Drugs that cause hyperkalemia.
Some medicinal products or therapeutic classes of medicinal products may cause hyperkalaemia, such as: aliskiren, potassium salts, potassium-sparing diuretics, ACE inhibitors, angiotensin II receptor antagonists, non-steroidal anti-inflammatory drugs (NSAIDs), heparins, immunosuppressants such as ciclosporin or tacrolimus, trimethoprim. Concomitant use of these medicinal products increases the risk of hyperkalaemia.
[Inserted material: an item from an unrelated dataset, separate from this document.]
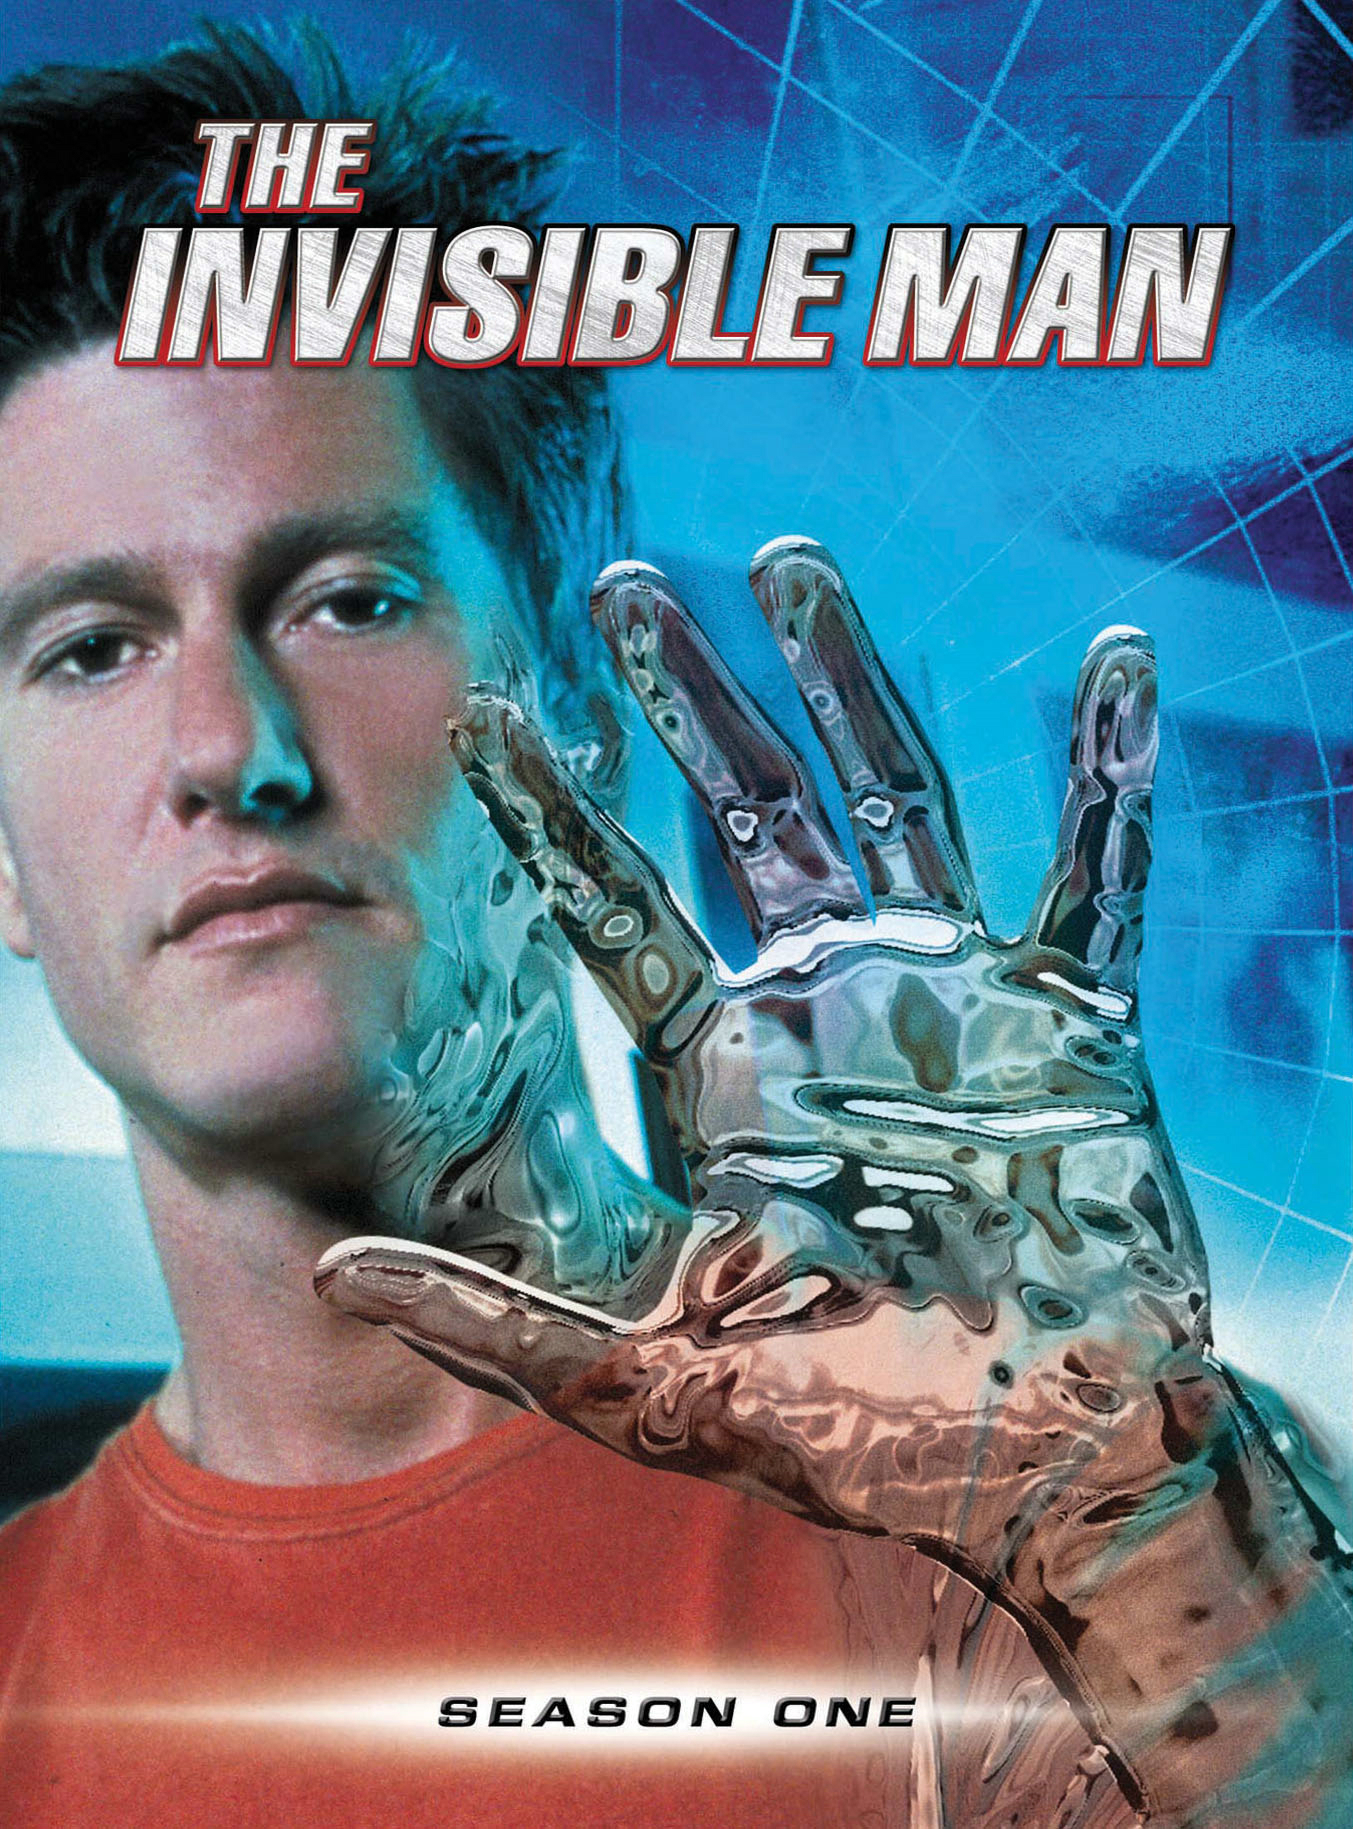 The Invisible Man: Season One - DVD [ 2005 ]  - Sci Fi Movies On DVD - Movies On GRUV

The concomitant use of perindopril with aliskiren is contraindicated (see section "Contraindications") in patients with diabetes mellitus or patients with impaired renal function due to an increased risk of hyperkalemia, worsening of renal function, cardiovascular morbidity and mortality and is not recommended (see section "Special warnings and precautions for use") in all other patient groups. Dual blockade of the renin-angiotensin-aldosterone system (RAAS) through the combined use of ACE inhibitors and angiotensin II receptor blockers Published data indicate that in patients with established atherosclerosis, heart failure or diabetes mellitus with target organ damage, the concomitant use of ACE inhibitors and angiotensin receptor blockers was accompanied by an increased incidence of arterial hypotension, syncope, hyperkalemia and worsening of renal function (including acute renal failure). insufficiency) compared with monotherapy with drugs that affect the renin-angiotensin-aldosterone system. Dual blockade (i.e. the combination of an ACE inhibitor with angiotensin II receptor antagonists) may be used in individual cases with careful monitoring of renal function, potassium levels and blood pressure.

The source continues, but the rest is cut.